Установка левых была та, что в то время уже (весной 1918 г.) страны центральной Европы вплотную подошли к социалистической революции. Мировая революция не только созрела, но мы вступили будто бы в полосу ее развертывания. Свою тактику революционной войны «левые» коммунисты строили в расчете на возникновение западноевропейской революции в определенный срок. В своих «тезисах о текущем моменте» от 4 апреля они писали, что «в течение ближайшей весны и лета должно начаться крушение империалистической системы». Позиция «левых» была совершенно беспочвенной и, лишена всякого анализа и учета реальных условий. из того, что «капиталистическое общество вступило в эпоху социалистической революции», не следовало вовсе, что революция в Германии начнется сегодня, завтра, вообще в определенный срок. Составляя «календарное расписание» революций, «левые» превращали в пустую фразу международную революцию. Ленин резко критиковал подобные «прогнозы» революции и в особенности тактику «левых», основанную на таких расчетах. «Нет сомнения, — говорит Ленин, — что социалистическая революция в Европе должна наступить и наступит». Одними подобными предположениями или расчетами на близость революции, нельзя было, однако, обусловливать нашу тактику, которая стала бы в таком случае авантюристской. «Но было бы ошибкой построить тактику социалистического правительства в России на попытках определить, наступит ли европейская или особенно германская социалистическая революция в ближайшие полгода (или подобный краткий срок) или не наступит. Так как определить этого нельзя никоим образом, то все подобные попытки объективно свелись бы к слепой азартной игре»{1}.

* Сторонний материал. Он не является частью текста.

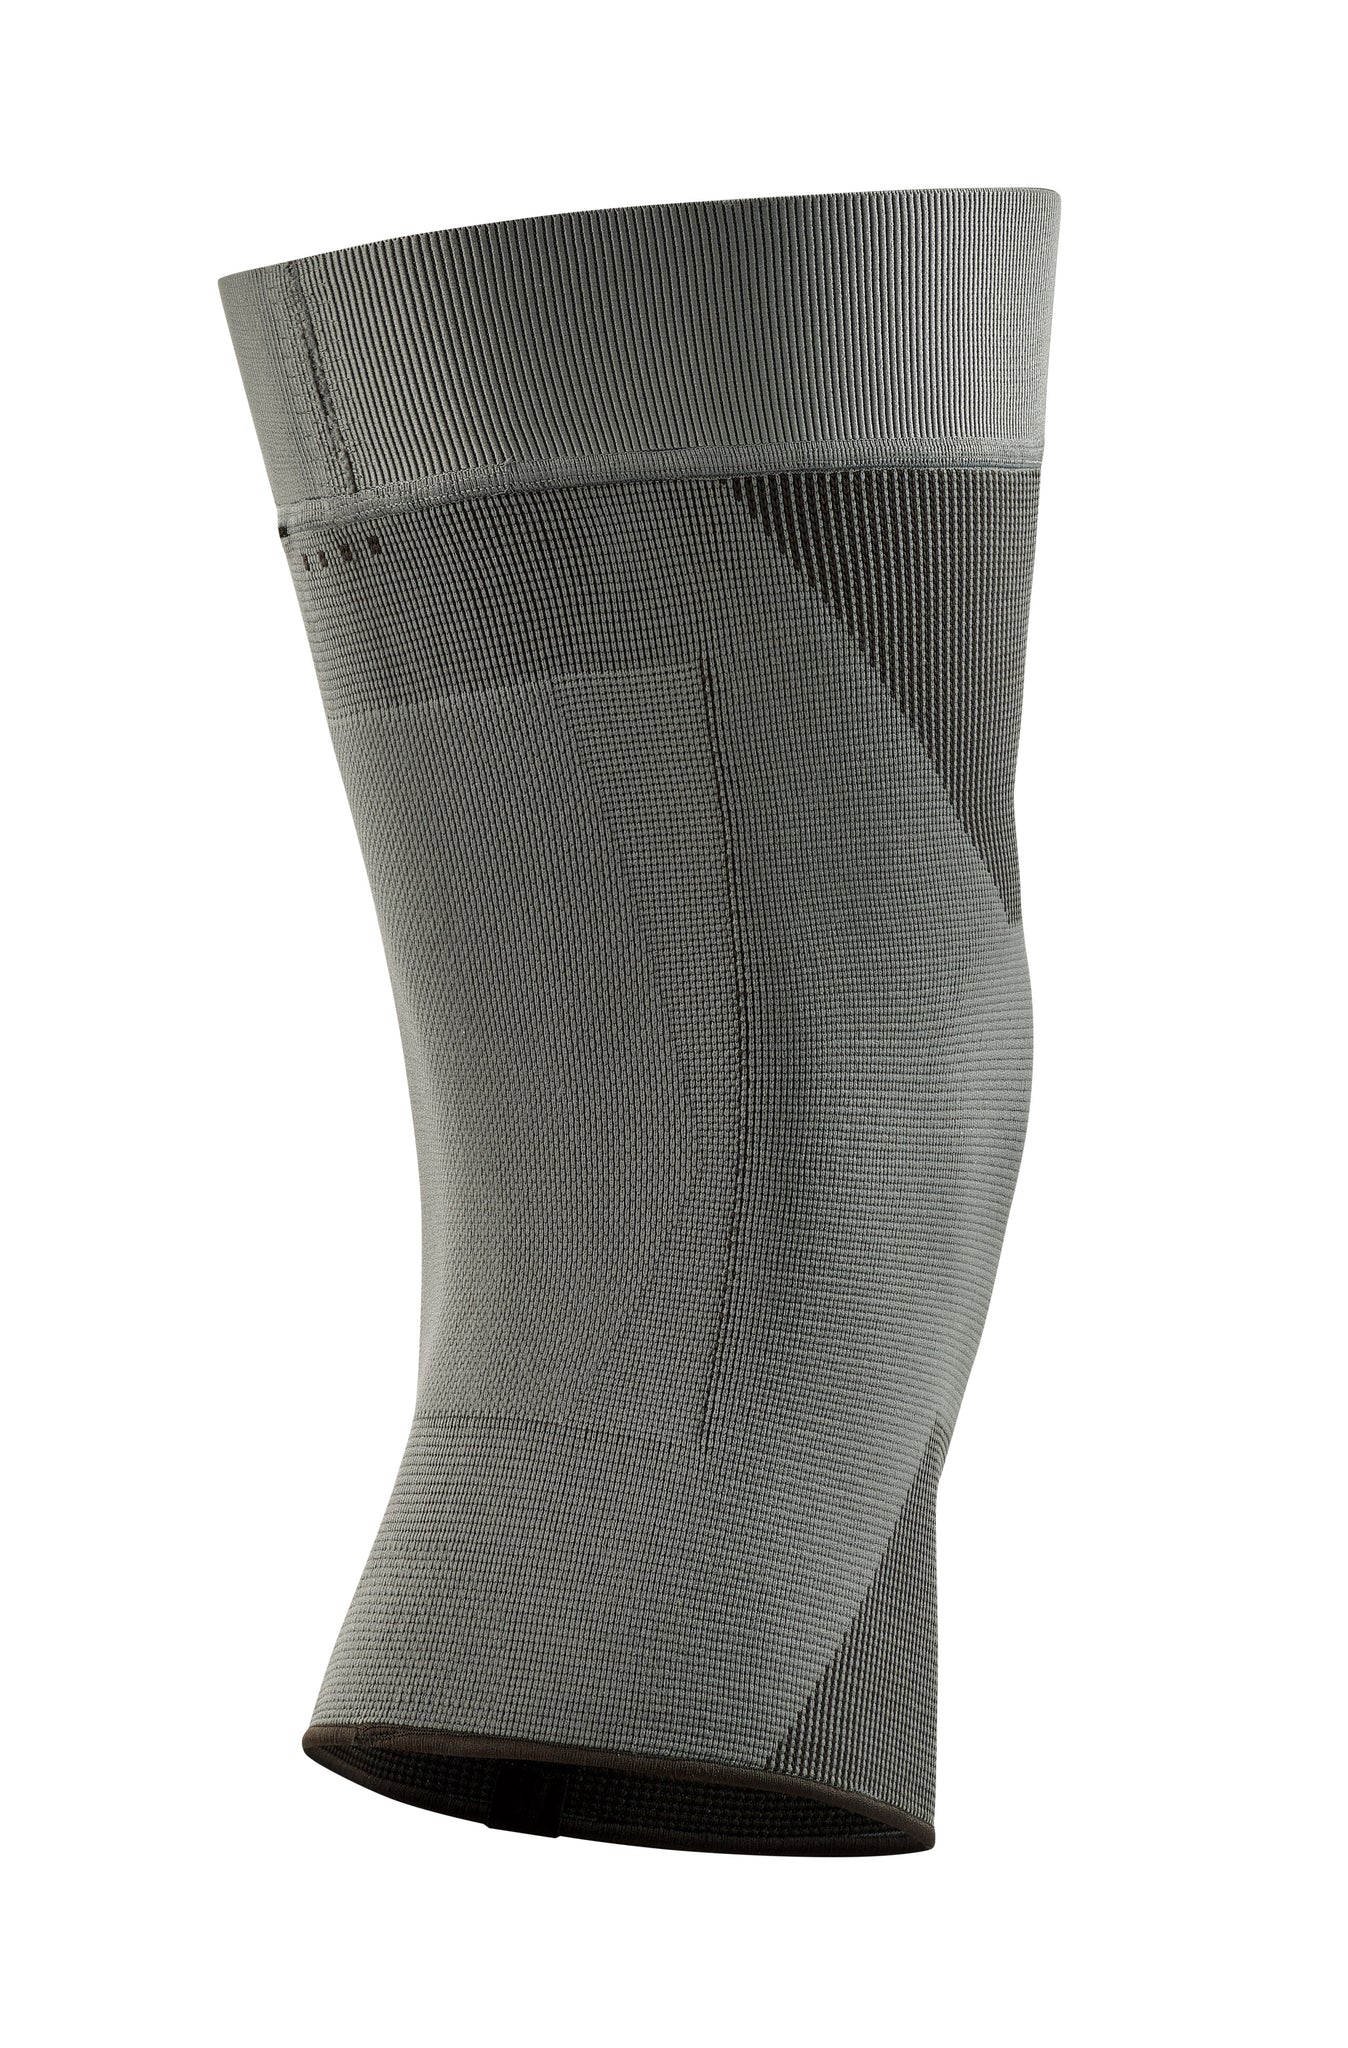 Mid & Light Support Knee Sleeve; 20-30 mmHg Compression Care

Точка зрения Троцкого была промежуточная, выжидательная, сформулированная им самим при разрыве сношений с немцами —«войну прекращаем, мира не заключаем, армию демобилизуем». Эта точка зрения — «ни мира, ни войны» — исходила из той же неверной оценки международной обстановки, что и у «левых» коммунистов, из неверной предпосылки, что «немец не посмеет наступать». «Левые» коммунисты вместе с Троцким обвиняли в национальной ограниченности руководителей партии, заключивших Брестский мир. В действительности Ленин самую тактику передышки обусловливал не только нуждами обороны Советской России, но интересами международной революции. В полемике с «левыми» Ленин указывал: «именно в интересах “укрепления связи” с международным социализмом обязательно оборонять социалистическое отечество»{2}. Интернационализм «левых» был показного характера. В конечном счете «левым» было свойственно недоверие к международному пролетариату и явная недооценка приближающегося краха капитализма. По схеме «левых», в случае мира германский пролетариат не мог и не должен был бы подняться на защиту «переродившегося» будто бы Советского государства, заключившего позорную сделку с германскими империалистами. От нашей только тактики зависели чуть ли не всецело судьбы мировой революции.
Германская революция 9 ноября 1918 г. подтвердила полностью точку зрения Ленина. Революция в Германии оправдала его анализ международной обстановки, его план и расчеты на вероятность и близость революции в Европе без указания срока. События в Германии разбили вдребезги предположения и предсказания «левых» о переходе германского пролетариата на враждебные позиции к русскому пролетариату.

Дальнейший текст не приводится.